Aug:=Matrix([A-2*IdentityMatrix(2),Vector([0,0])])returns $$\left[\begin{array}{ccc} 2&-1&0\newline -2&1&0\end{array} \right]$$
and putting in reduced row echelon form:
$$\left[\begin{array}{ccc} 2&-1&0\newline 0&0&0\end{array} \right]$$
Lastly, we find the eigenvector associated with this. The first row is $2x-y=0$ and we seek a nonzero solution to this. Let $x=1$, then $y=2$ and the vector will be
$$\vec{v}_2=\left[\begin{array}{c}1\newline2\end{array}\right]$$
In summary for the matrix
$$A=\left[\begin{array}{cc}4&-1\newline-2&3\end{array}\right]$$
The eigenvalues are 5 and 2 and the associated eigenvectors are
$$\begin{array}{rl}\vec{v}_1=\left[\begin{array}{c}1\newline-1\end{array}\right]& \vec{v}_2=\left[\begin{array}{c}1\newline2\end{array}\right]\end{array}$$
Use the steps above to find the eigenvalues and eigenvectors of
$$A=\left[\begin{array}{cc}6&2\newline4&4\end{array}\right]$$
Recall that above, the first step in finding the eigenvalues of the matrix is to write down the characteristic equation of the matrix or $|A-\lambda I|=0$. If we return to the matrix above,
$$A=\left[\begin{array}{cc}4&-1\newline-2&3\end{array}\right]$$
we can use Maple to find the characteristic equation by
CharacteristicPolynomial(A,lambda)=0which returns as above, $\lambda^{2}-7\lambda+10=0$, which we can solve with the solve command to get $5,2$.
Then the next step was to solve $(A-\lambda I)\vec{v}$ for the given values of $\lambda$. Another name for this is the null space of the matrix. If we enter
NullSpace(A-5*IdentityMatrix(2))Maple returns
$$\left\{ \left[\begin{array}{c}-1\newline 1\end{array}\right] \right\}$$
so the only vector in the null space is the one above. This is just $-1$ times the eigenvector that we found above. (Note: there is a theorem that says that any nonzero scalar times an eigenvector is also an eigenvector. In other words, eigenvectors are not unique.)
If we type:
NullSpace(A-2*IdentityMatrix(2))Maple returns
$$\left\{\left[\begin{array}{c}1/2\newline1\end{array}\right]\right\}$$
which is $1/2$ times the eigenvector that we found.
Use the CharacteristicPolynomial and NullSpace commands to find the eigenvalues and eigenvectors of
$$A=\left[\begin{array}{cc}6&2\newline4&4\end{array}\right]$$
that found above.
Of course, Maple can just find the eigenvalues and eigenvectors as well.
Returning to the matrix:$$A=\left[\begin{array}{cc}4&-1\newline -2&3\end{array}\right]$$
type
Eigenvalues(A)and one gets:
$$\left[\begin{array}{c}5\newline2\end{array}\right]$$
Note: this is not a vector, but the two eigenvectors are just 5 and 2 as we saw above.

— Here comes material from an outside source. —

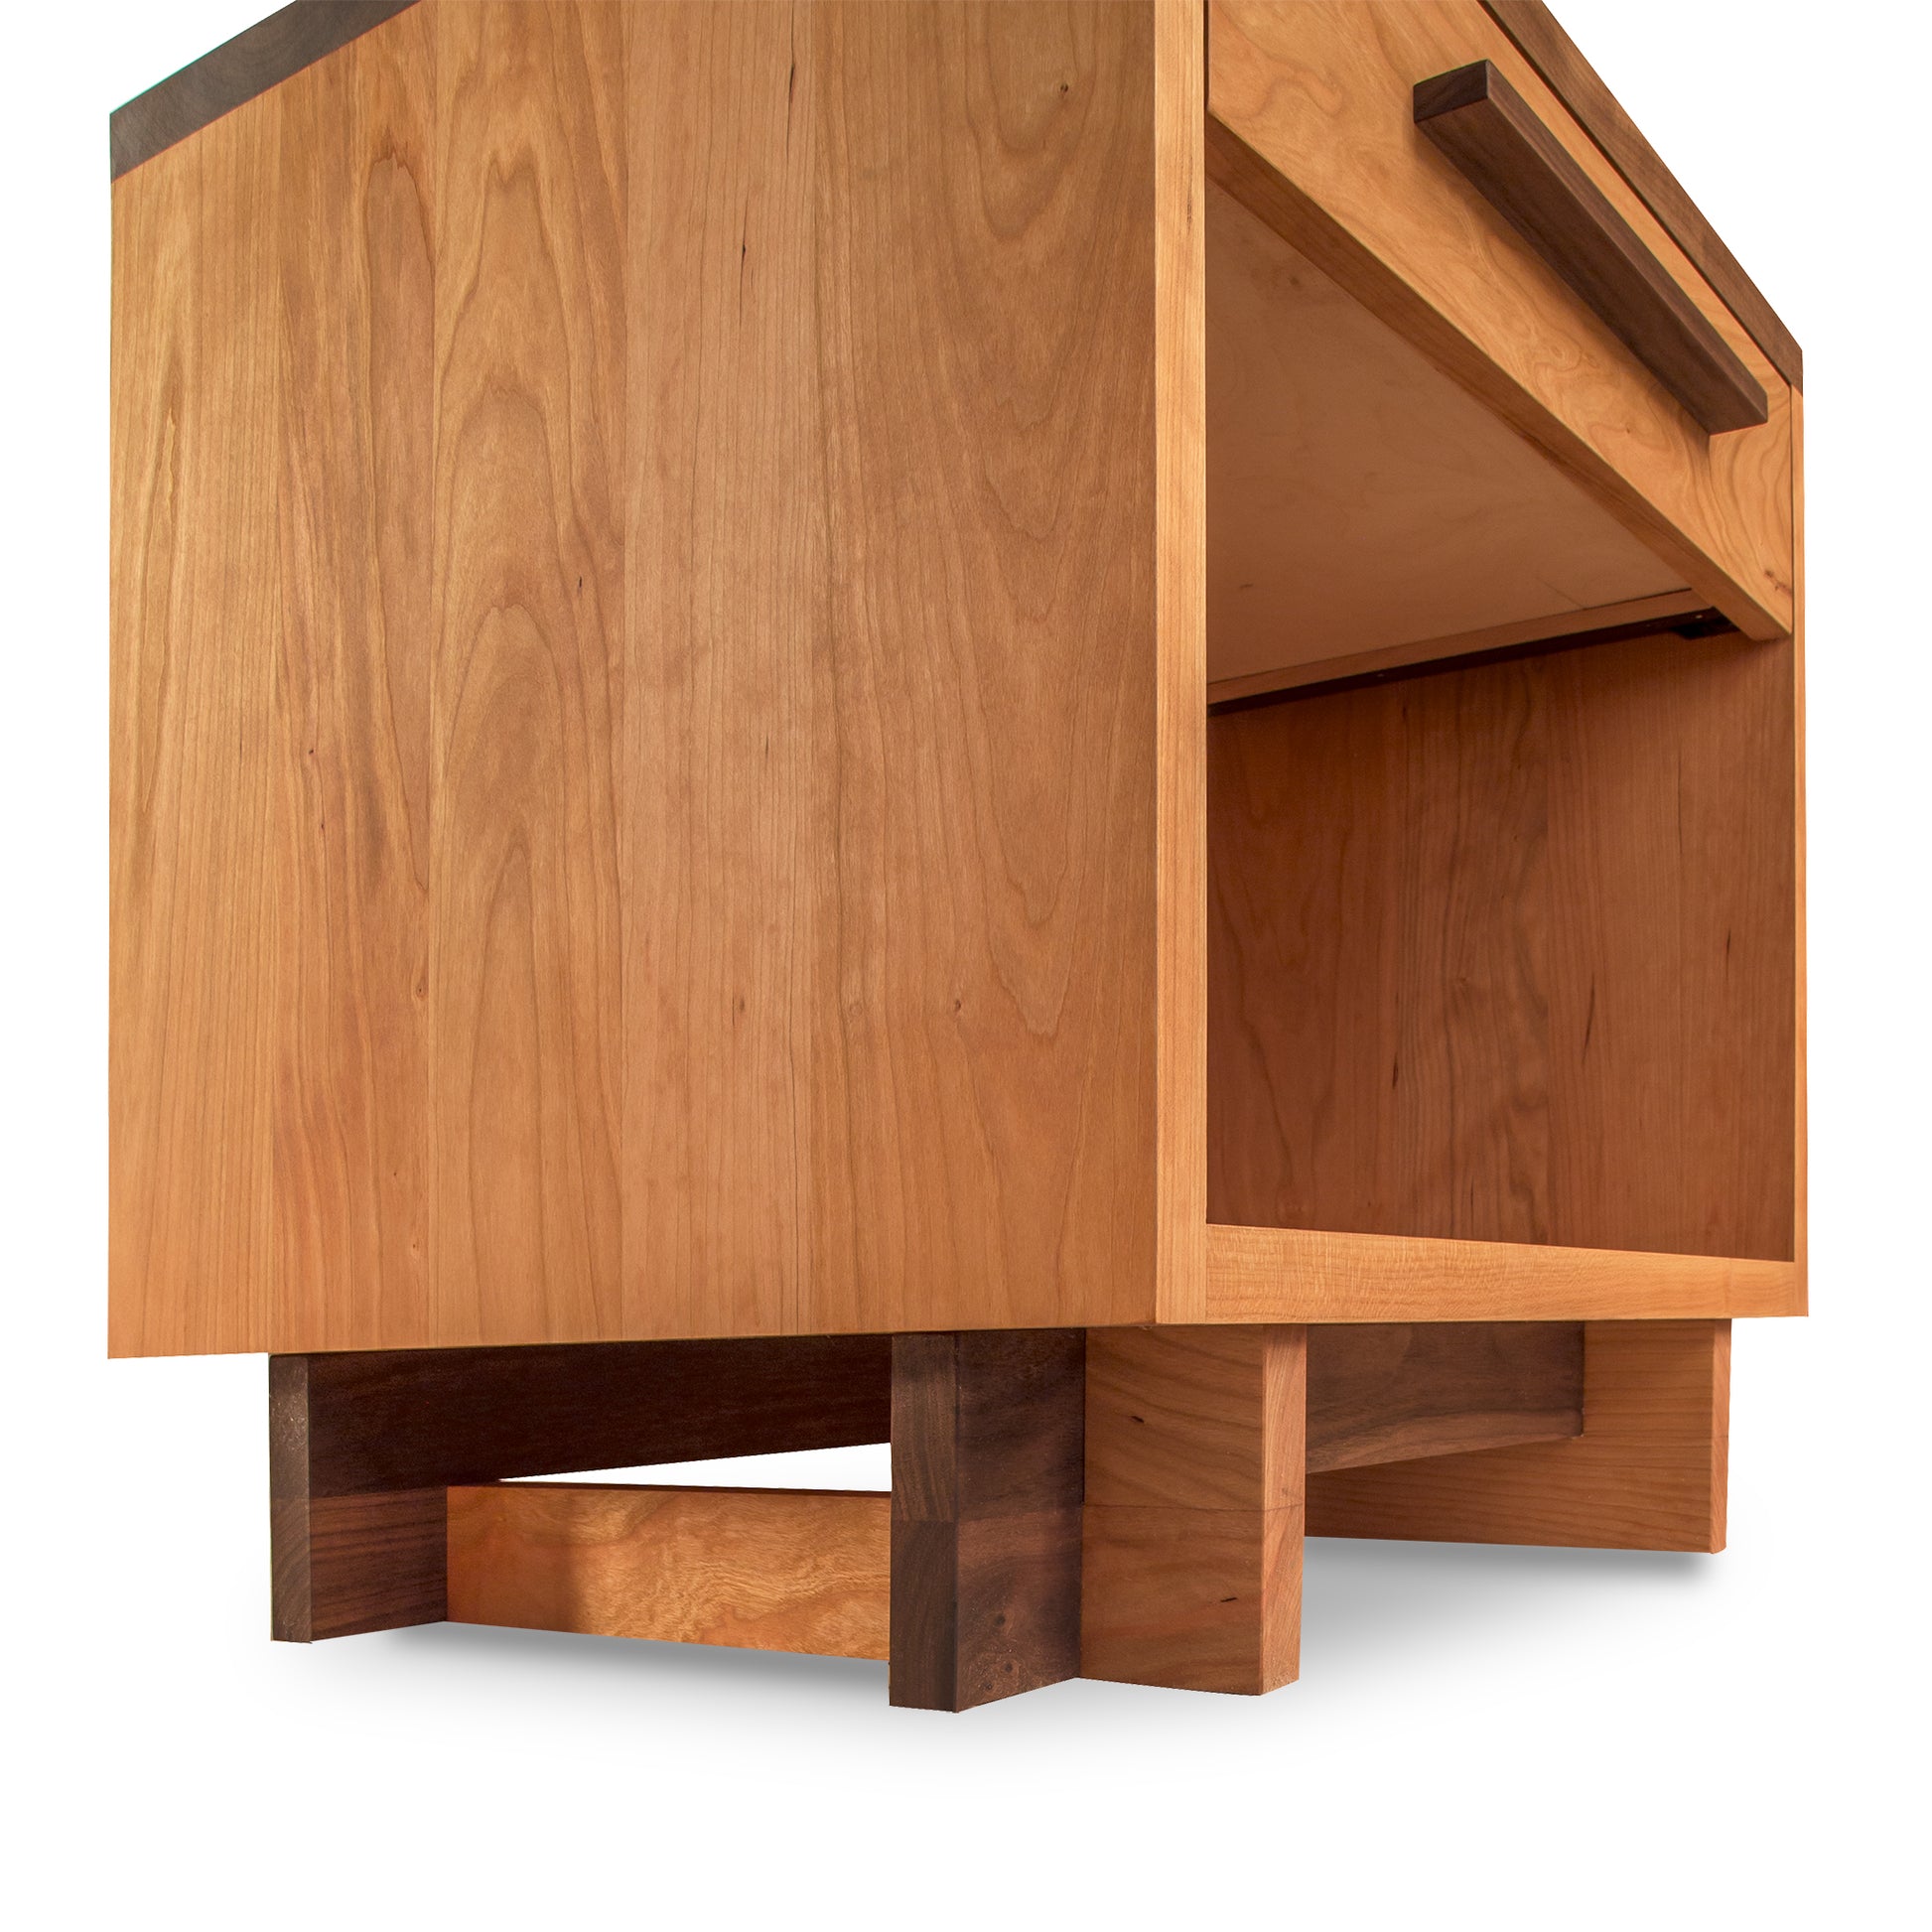 Close-up of a Modern American 1-Drawer Enclosed Shelf Wide Nightstand by Vermont Furniture Designs, with an open shelf, showing detailed grain texture and craftsmanship. The cabinet is elevated on short, solid legs and features a minimalist design.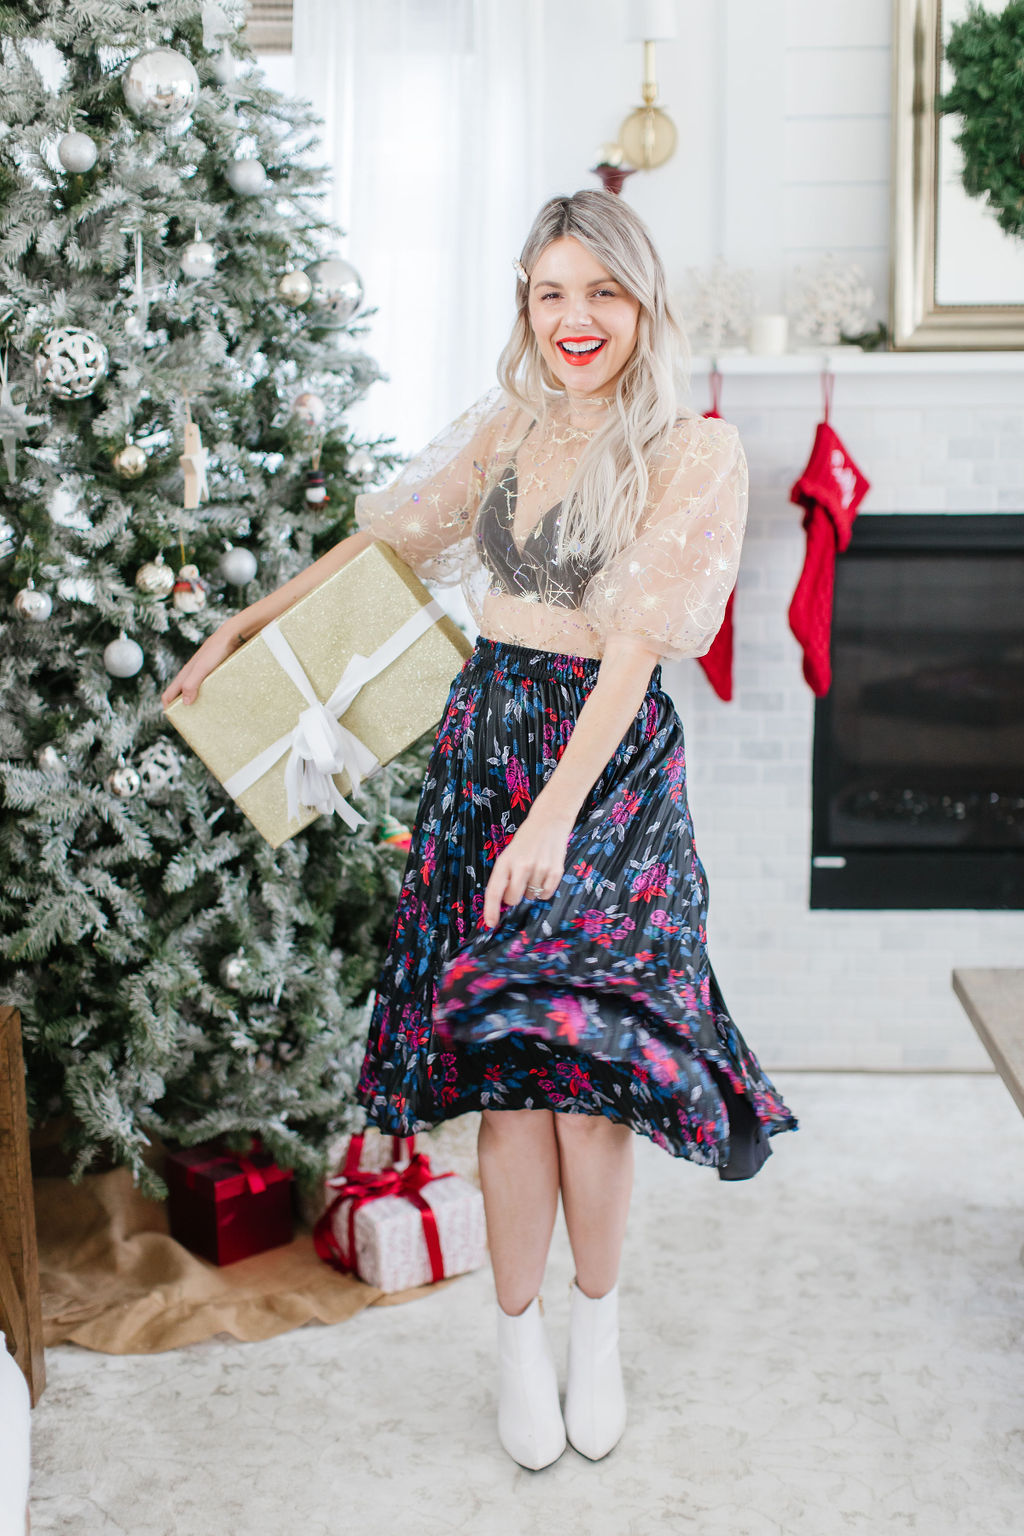 mystical top and skirt 3 favorite holiday looks

To find the eigenvectors, type
Eigenvectors(A)and you get:
$$\left[\begin{array}{c}5\newline2\end{array}\right],\left[\begin{array}{cc}\frac{1}{2} & -1\newline1&1\end{array}\right]$$
The first vector is the eigenvalues again and the matrix contain the eigenvectors as column vectors. Note: these are the same eigenvectors that we found using the NullSpace command.